There’s nothing this guy hasn’t driven. Sure, he flew the Space Shuttle Discovery, but did you know that he also drove the Zamboni? He’s never heard of the word, “can’t.” If it’s an adventure, and it’s on the planet (or off), Billy O will sniff it out and run it down.
He is an adventurer, writer, aviator and founding member of Adventure Write.
It’s his job to plan our expeditions, then train, outfit and keep us safe for them, which, he’d tell you, is no small task.
Billy O is also our company pilot.
Born an Air Force brat on 29 March 1965 in Virginia, he spent the first 10 years of his life hopping from base to base across the country with his family.
In 1975, he and his family moved to Anchorage, Alaska, which Billy O has considered home ever since.
Educated, with papers to prove it
- Professional Organization Membership:
Accelerating His Life
Billy O joined the Navy in 1988, right after completing his undergraduate degree. He received his commission
as an Ensign from Aviation Officer Candidate School in November 1988.

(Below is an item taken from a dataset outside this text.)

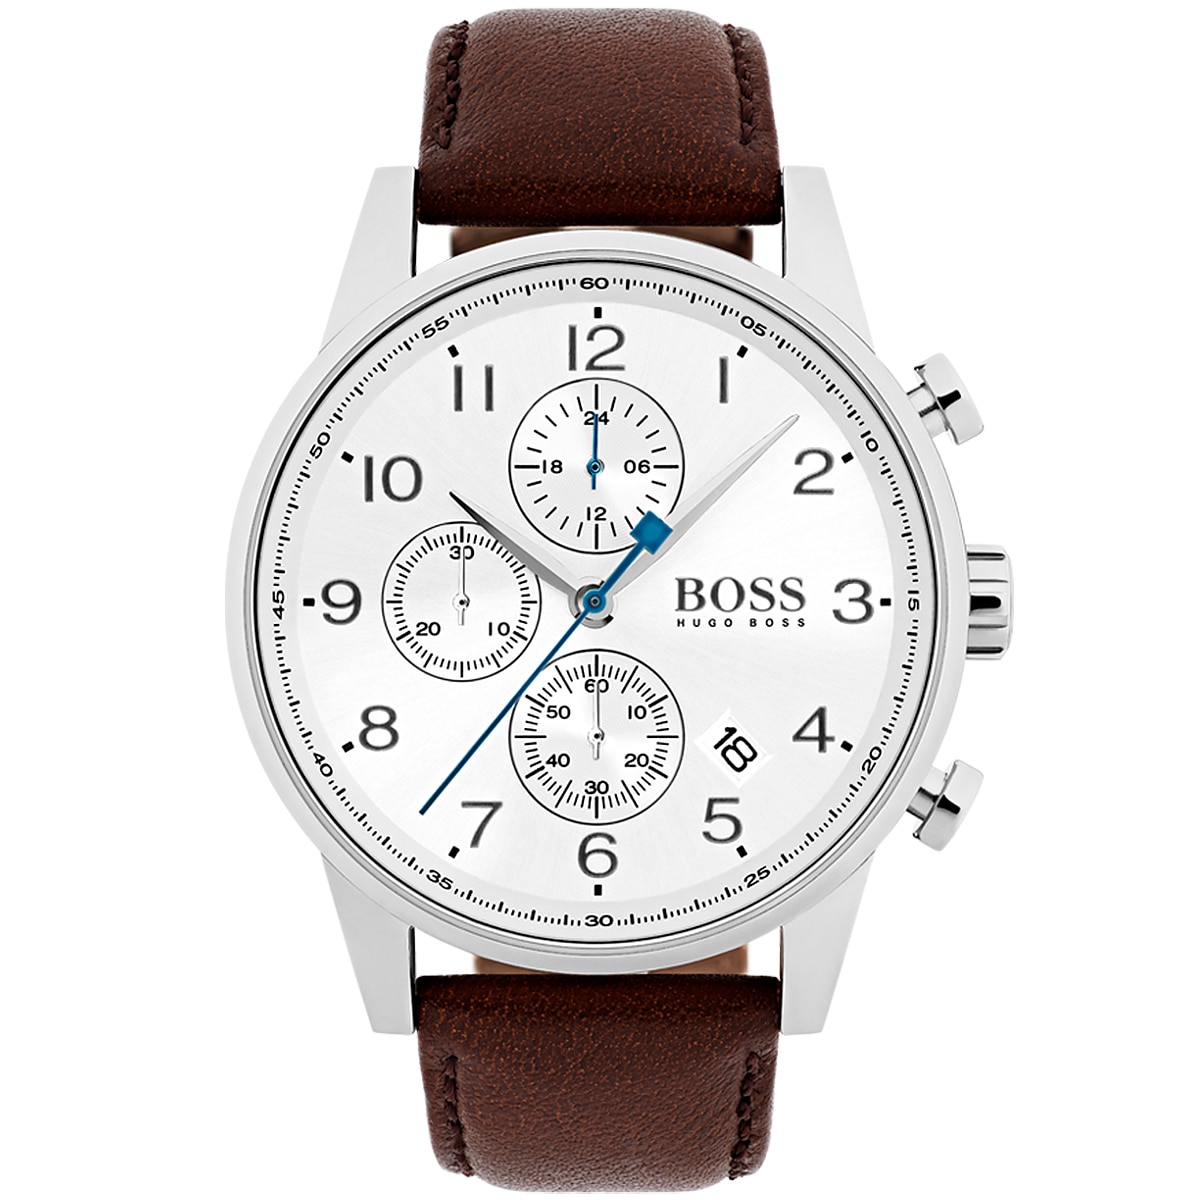 boss watch brown leather strap

In 1989, he entered flight training in Texas and was designated a Naval Aviator in September 1990.
He then reported to Marine Fighter/Attack Training Squadron 101 at Marine Corps Air Station El Toro, California for initial F/A-18 training. Upon completion of training, he was assigned to Strike Fighter Squadron 146 at Naval Air Station Lemoore, California where he made overseas deployments aboard the aircraft carrier USS Nimitz to the Pacific and Indian Oceans and the Persian Gulf in support of Operation Southern Watch.

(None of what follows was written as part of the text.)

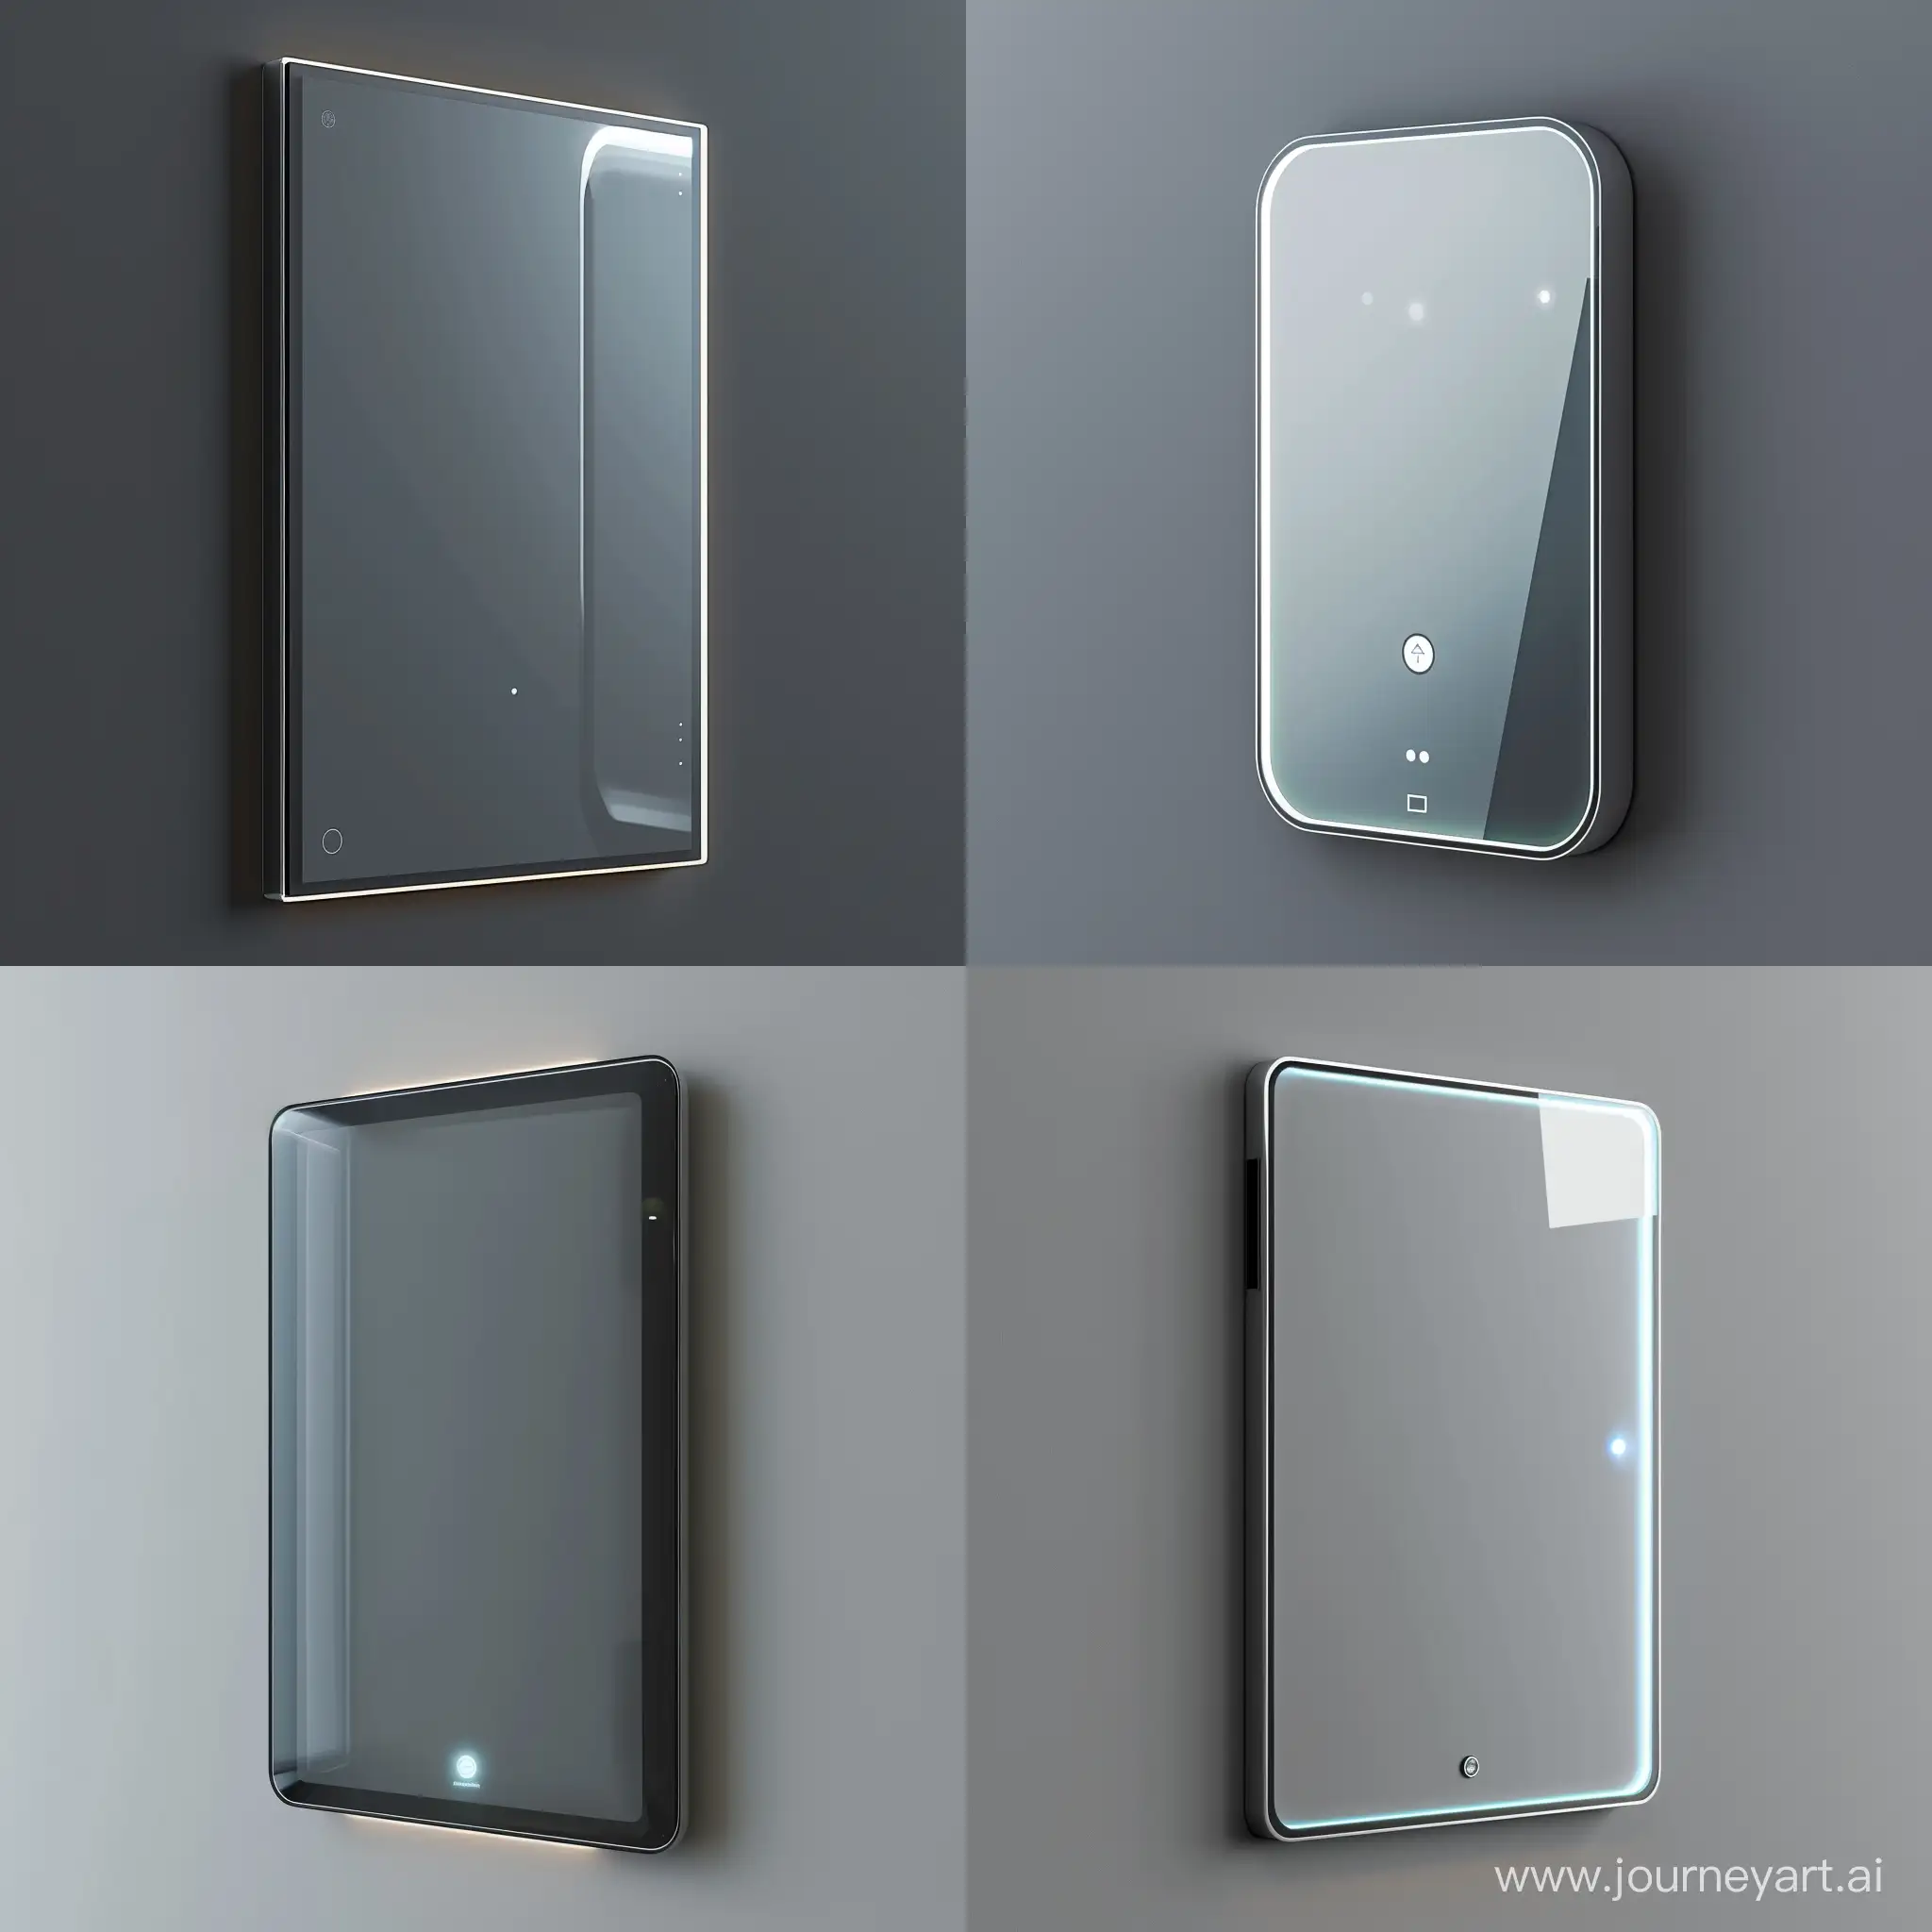 "Envision a sleek, rectangular, wall-mounted smart home interface with a smooth, touch-sensitive, glass-like surface and a minimalist aluminum frame. The design is modern, with rounded corners and a slim profile, measuring 25 cm by 15 cm and just 1 cm thick. It features ambient backlighting that adjusts to environmental light, ensuring visibility without glare. Incorporate a discreet logo in the bottom corner, showcasing a fusion of elegance and advanced technology."photorealistic product design style

While assigned to VFA-146, he attended the US Navy Fighter Weapons School, TOPGUN, and was assigned as the Squadron Air-to-Air Weapons and Tactics Officer. Billy O was selected for the United States Naval Test Pilot School at Naval Air Station Patuxent River, Maryland and began the course in January of 1995. After graduation in December 1995, he was assigned to Strike Aircraft Test Squadron as an F/A-18 Project Officer and Test Pilot.
In February 1997, he went back to the United States Naval Test Pilot School as an Instructor flying the F/A-18, T-2, and U-6 aircraft. In February 1998, he transferred to Carrier Air Wing 8 at Naval Air Station Oceana, Virginia, where he was the Strike Operations Officer. That same year, he was selected for the astronaut program.

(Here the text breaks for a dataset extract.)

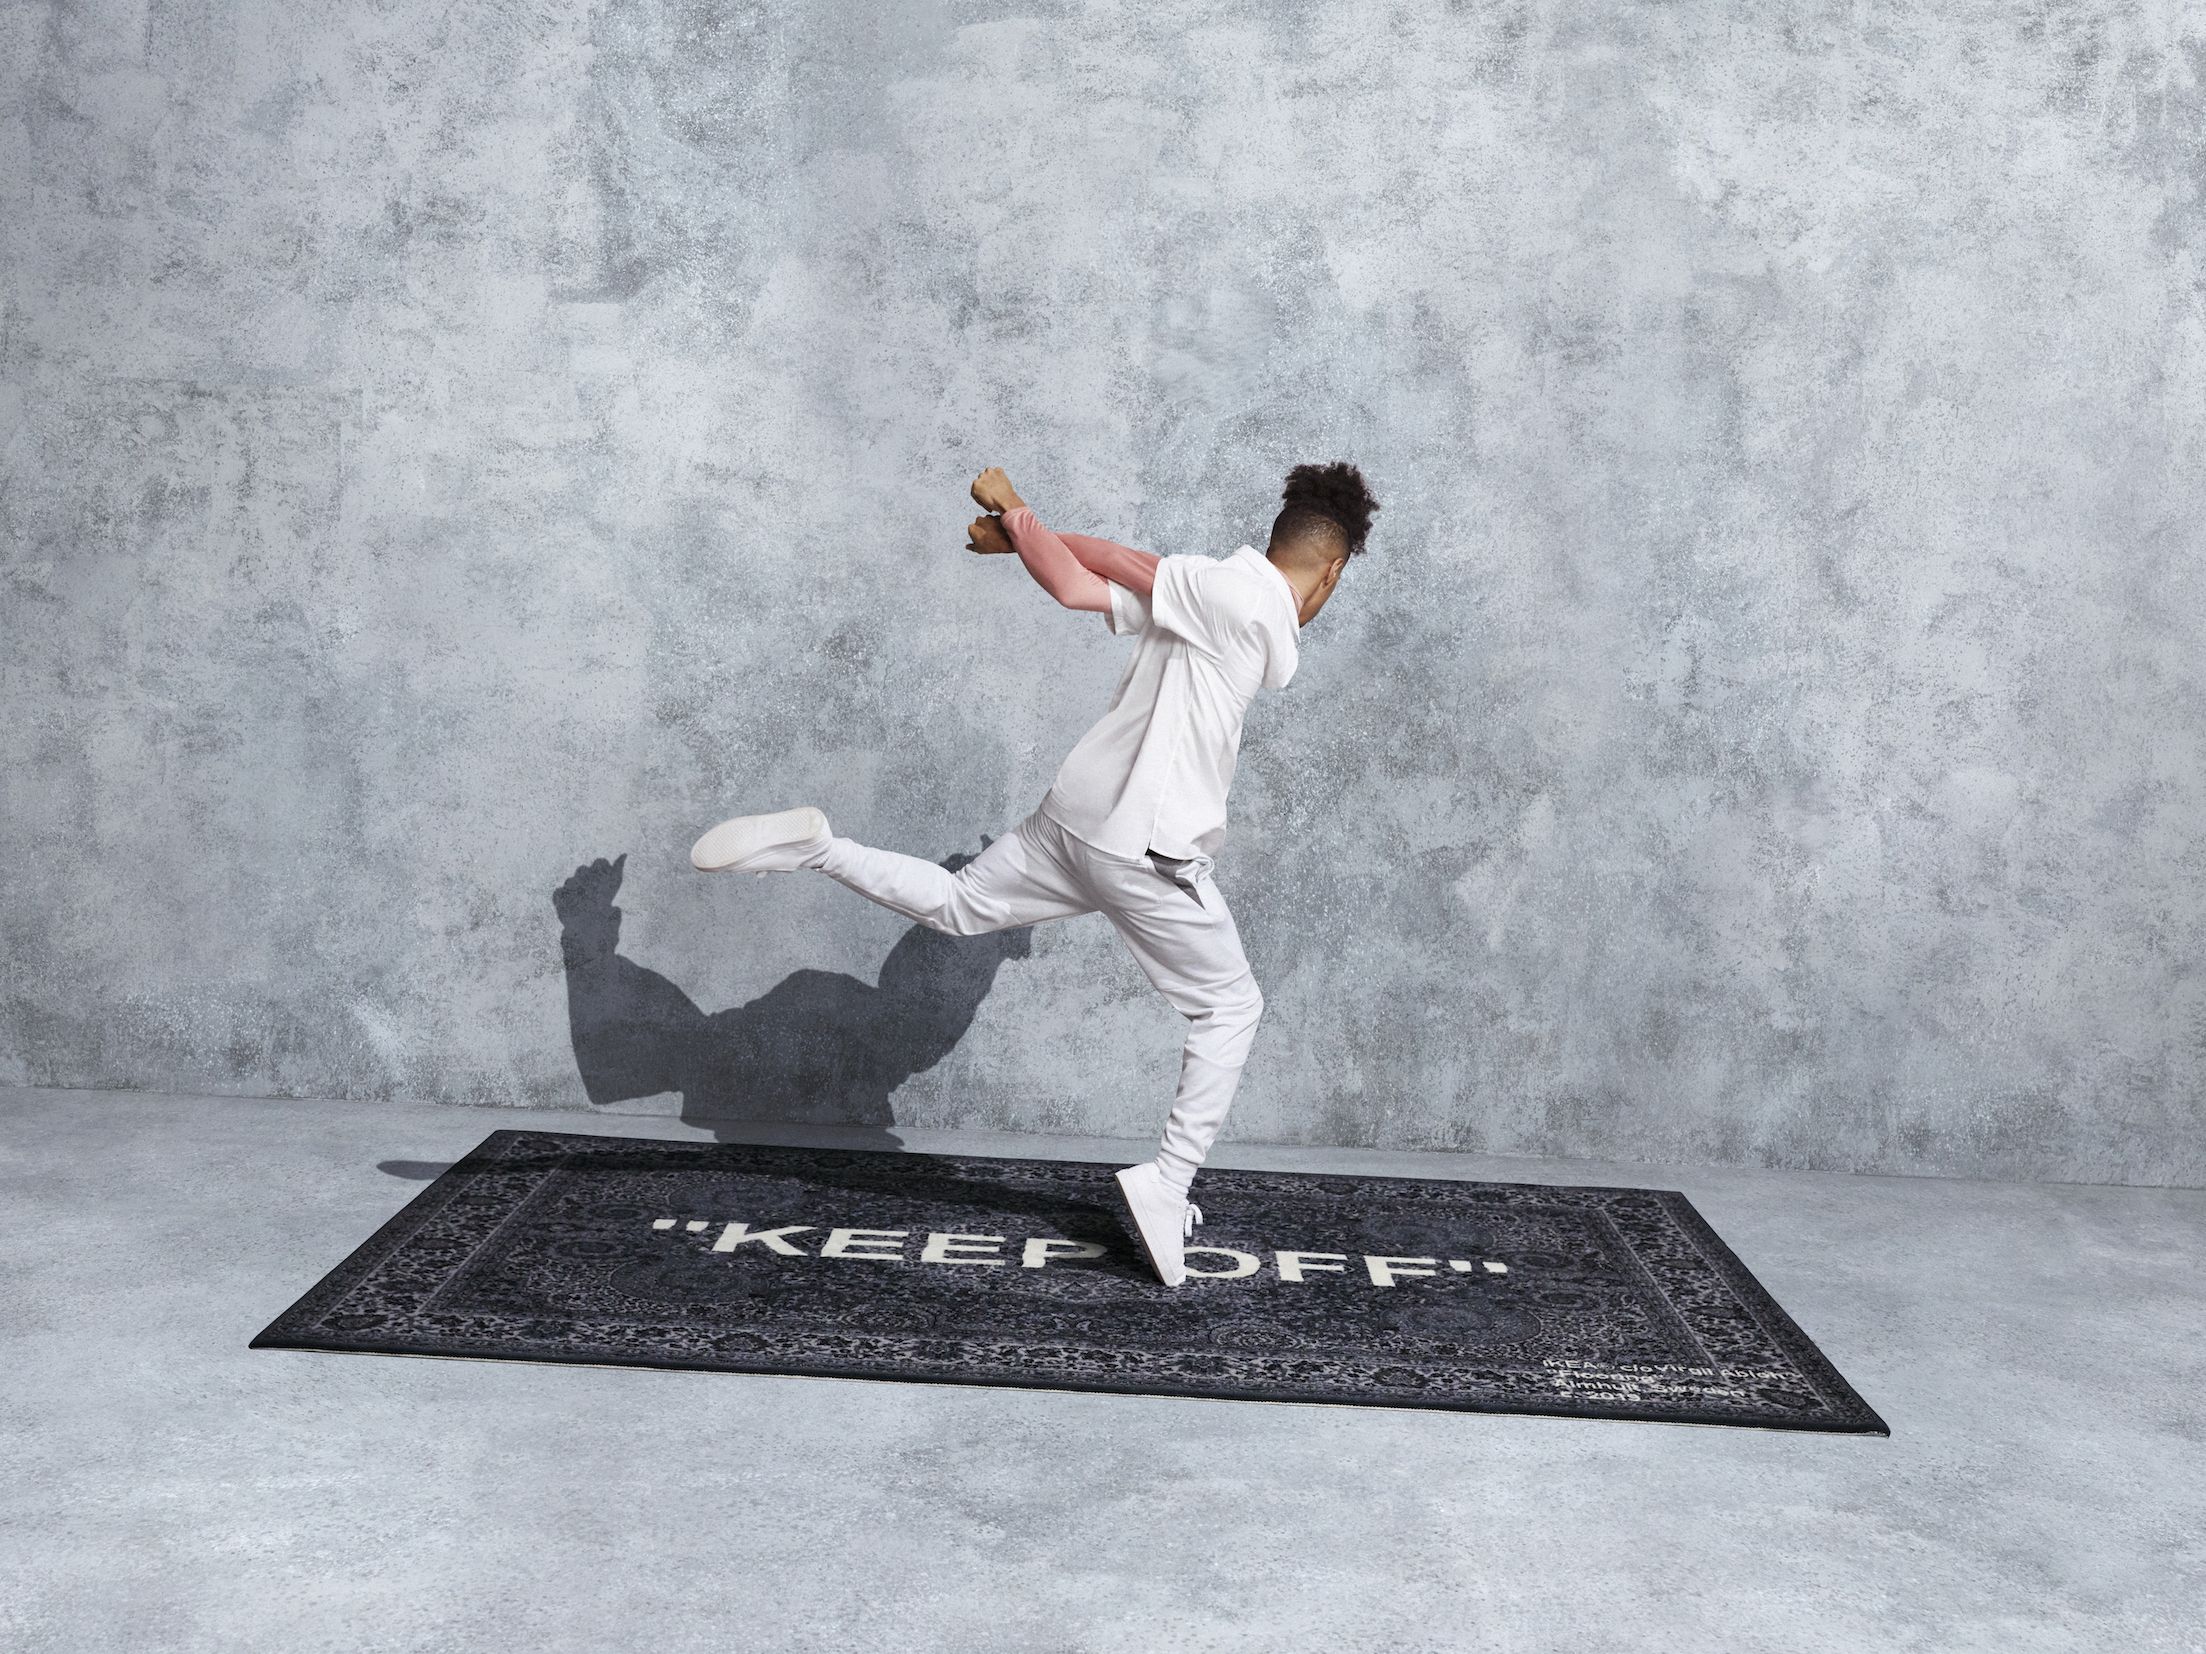 https://hips.hearstapps.com/hmg-prod/images/ikea-is-now-selling-virgil-abloh-s-limited-edition-keep-off-rug-for-400-online-2-1559285680.jpg

Billy O reported to NASA's Johnson Space Center in August 1998. After completing 2 years of training and evaluation, he qualified for space flight assignment as a shuttle pilot. Prior to his flight, he performed technical duties in the Astronaut Office Advanced Vehicles Branch and CAPCOM Branch. He completed his mission as pilot on STS-116 in December 2006 and has logged over 308 hours in space.
In May 2007 and at the request of the US Navy, Billy O returned to Navy duty at Naval Amphibious Base Little Creek. He retired from an exciting and storied 20-year Navy career in November 2008.
Shortly thereafter, Billy O accepted the post of Test Pilot Instructor at the National Test Pilot School
Expeditions and Adventures
Billy O has hiked and biked, climbed and paddled, canyoneered and mountaineered, and flown and rocketed in all parts of the world.
He has trained and explored with several world-class organizations, first as a Boy Scout in Alaska then as a Naval Aviator and Astronaut.
A graduate of two separate National Outdoor Leadership School (NOLS) courses, military survival training and astronaut training, he has acquired an enviable survival skill set.
Billy O has trained with US military survival specialists, Russian cosmonauts, the Canadian military and has completed NASA’s expeditionary training programs.
He has participated in several expeditions to remote locations including Antarctica and Low Earth Orbit.
Expedition teams, both amateur and expert, benefit from his unparalleled competence and patience in the field, where his skills as a natural teacher, a capable leader, and a hard-working team-member shine.
Although exploring the Arctic wonders remains his first passion, he constantly seeks a wide variety of adventures both on and off the planet.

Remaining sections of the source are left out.